# Python Assignment 17

### Answer 1

* Greedy : By default the regular expression are greedy, which means the expression try to match as many matches as possible in a given string. This usually contains `'*'` and `'+'` character in expression.
* Non-Greedy : This expression will try to match as less matches as possible in a given string. This usually contain `'?'` in expression.

In [1]:
import re

String = "emailHome:rice@ineuron.ai, emailOffice:onion@ineuron.ai, emailShop:random@ineuron.ai"

greedy = re.compile(r'email.+:[\w]+@ineuron.ai')

# greedy expression is considering all the string as a match, here the pattern consider whole string as a match
greedy_res = greedy.findall(String)

non_greedy = re.compile(r'email.+?:[\w]+@ineuron.ai')

# non_greedy is match as small as possible, here result are three different email
non_greedy_res = non_greedy.findall(String)

print('Result is whole string in greedy:\n', greedy_res)
print('Result is three strings in non greedy:\n', non_greedy_res)

Result is whole string in greedy:
 ['emailHome:rice@ineuron.ai, emailOffice:onion@ineuron.ai, emailShop:random@ineuron.ai']
Result is three strings in non greedy:
 ['emailHome:rice@ineuron.ai', 'emailOffice:onion@ineuron.ai', 'emailShop:random@ineuron.ai']


### Answer 2

The greedy expression try to match as many character as possible while the non-greedy match as less character as possible. If we are looking for a non-greedy match but only available is greedy then to get a non-greedy match in regular expressions we need to use the modifier `'?'` after the quantifier.

### Answer 3

In a simple match of a string, where we are only looking for one match and not doing any replacement, using a non-tagged group likely will not make a practical difference in terms of the results of the match.
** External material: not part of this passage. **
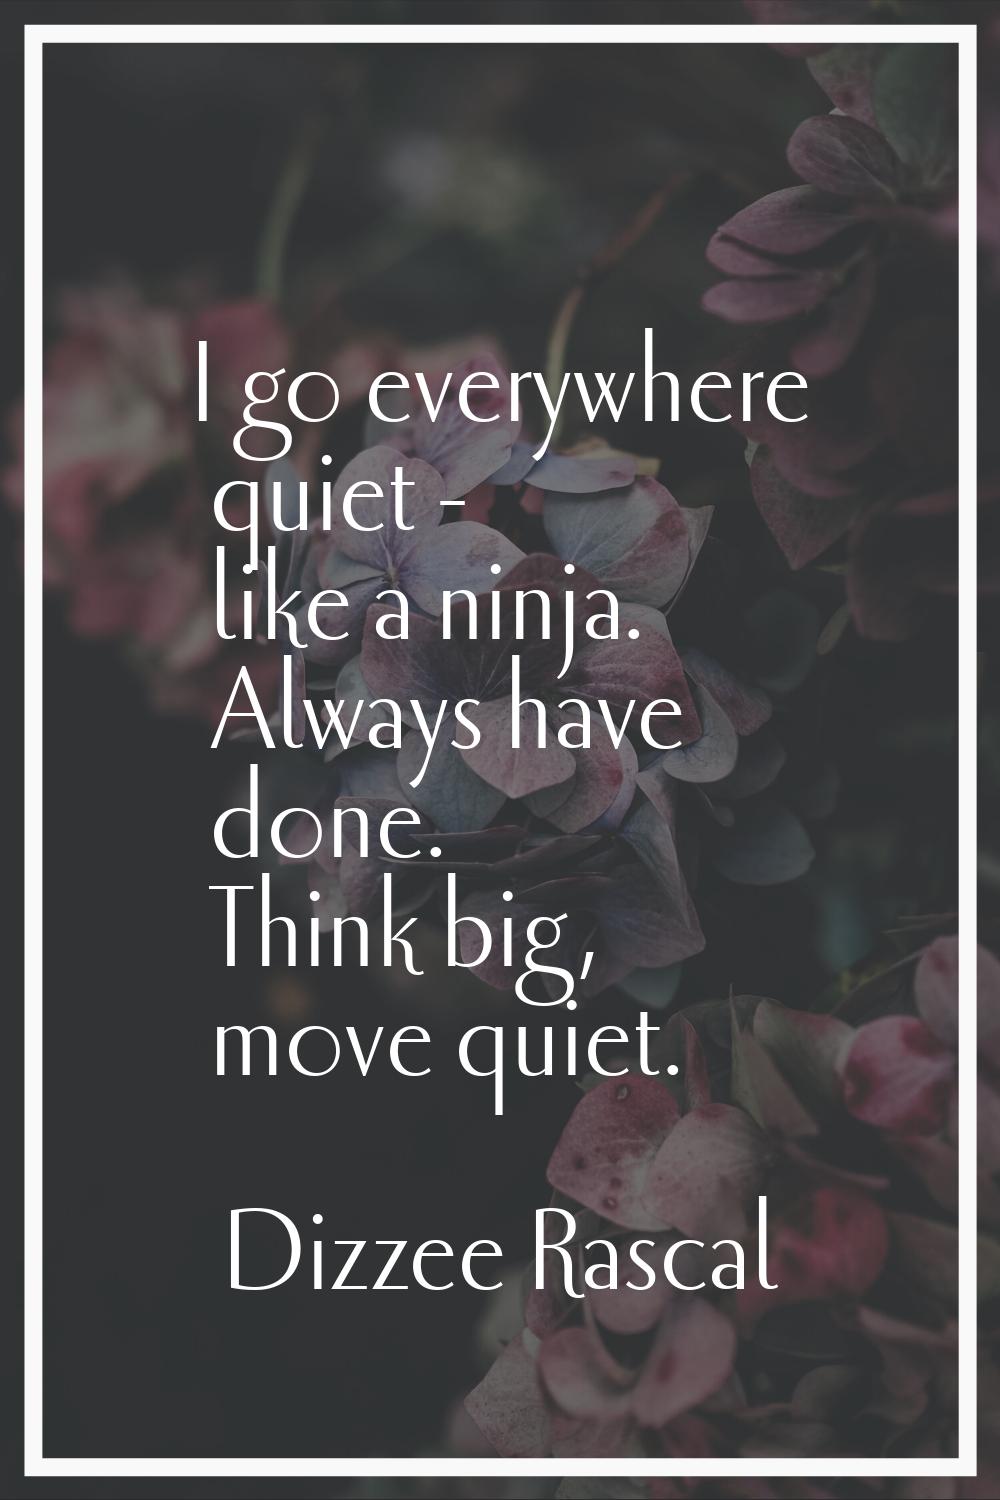 I go everywhere quiet - like a ninja. Always have done. Think big, move quiet.

A non-capturing group is specified using the syntax `(?:...)`.

### Answer 4

Here is a scenario in which using a nontagged category would have a significant import on the program's outcomes.

In [2]:
import re

urls = 'https://www.github.com/ganeshss0\nhttps://ineuron.ai\ngithub.com/iNeuronai'

# result contains a list of tuples as it consider there are two groups 
tagged = re.compile(r'(https:\/\/w*\.?)?([\S]+\.[\S]+[\/\S]*)')

# result contains a list of strings as it ignore the first capturing group
non_tagged = re.compile(r'(?:https:\/\/w*\.?)?([\S]+\.[\S]+[\/\S]*)')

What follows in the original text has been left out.